Еще ближе къ искусству словесности стоитъ проза повѣство­вательная и описательная, напримѣръ, книги историковъ или пу­тешественниковъ, или мемуаристовъ, соединяющихъ описаніе съ повѣствованіемъ. Высокоталантливая проза этого рода неисчисли­ма. Проза классиковъ, на которой еще такъ недавно учились про­заики, это вѣдь почти исключительно проза историковъ. И среди историковъ нашего времени эта блистательная традиція не уга­сла, о чемъ у насъ, русскихъ, свидѣтельствуетъ хотя бы Ключев­скій. Качество языка этихъ историковъ, качество языка такихъ историческихъ путешественниковъ какъ Амперъ, Грегоровіусъ, Ленорманъ, Дж. А. Симондсъ, разумѣется, выдержитъ сравненіе съ качествомъ языка любого изъ современныхъ имъ романистовъ или новеллистовъ. Здѣсь приближаемся мы къ еще менѣе ясно отдѣ­лимому отъ искусства словесности разряду писаній, въ которомъ особенно большіе мастера французы и англичане. По-русски для писателей этого рода нѣть должнаго наименованія, и мы выну­ждены именовать ихъ на англійскій ладъ «эссеистами». Примѣ­ромъ «эссеиста», недавнимъ и весьма популярнымъ, остается ан­гличанинъ Уолтеръ Патеръ; не надо забывать, что къ этому же разряду относится одинъ изъ самыхъ замѣчательныхъ писателей современной Франціи, Поль Валери, въ тѣхъ случаяхъ когда онъ пишеть прозой.
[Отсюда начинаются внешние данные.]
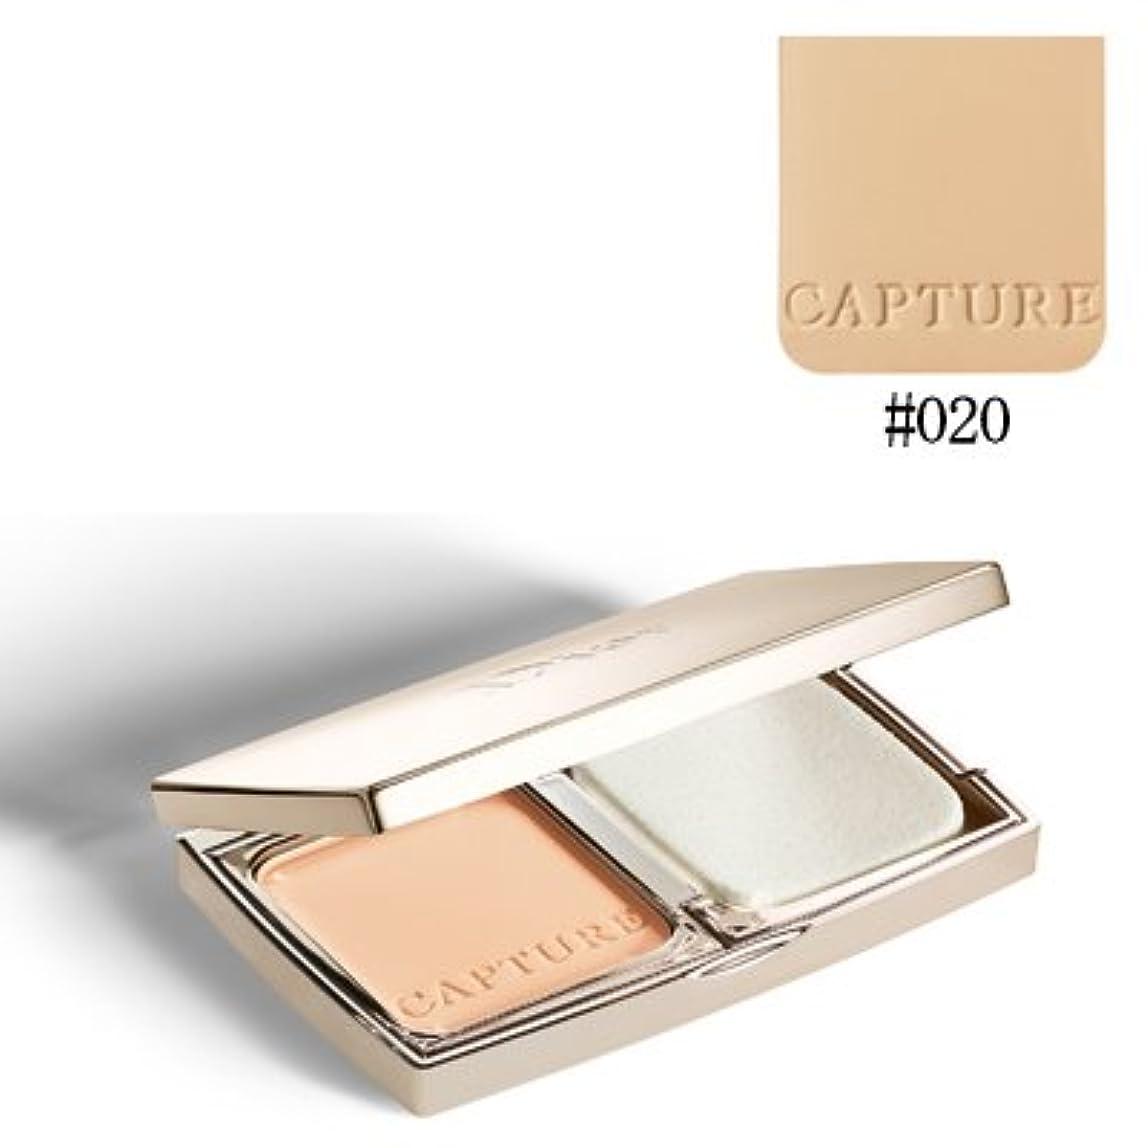 確保する一般的に柔和Christian Dior クリスチャン ディオール カプチュール トータル トリプル コレクティング パウダー コンパクト #020 LIGHT BEIGE SPF 20 / PA+++ 11g [並行輸入品]

Историки, путешественники, «эссеисты» кажутся намъ уже совсѣмъ «художниками» по мастерству и изяществу языка, и это не нуждается въ объясненіи. Иногда оказываются они артистами и по изяществу, какъ по мастерству, самой мысли. Тотъ же Поль Валери, напримѣръ, не только очень артистично пишетъ, но и очепь артистично мыслитъ. «Эссеисты» вообще доказываютъ, что мысль можетъ быть такимъ же элементомъ художественнаго дѣла­нія, какъ и слово, то важное обстоятельство, которое существенно признать; къ нему полезно намъ, русскимъ, привыкнуть, въ силу причинъ, о которыхъ будетъ сказано дальше. Здѣсь замѣтимъ лишь, что «эссеизмомъ» всегда была относительно бѣдна русская литература.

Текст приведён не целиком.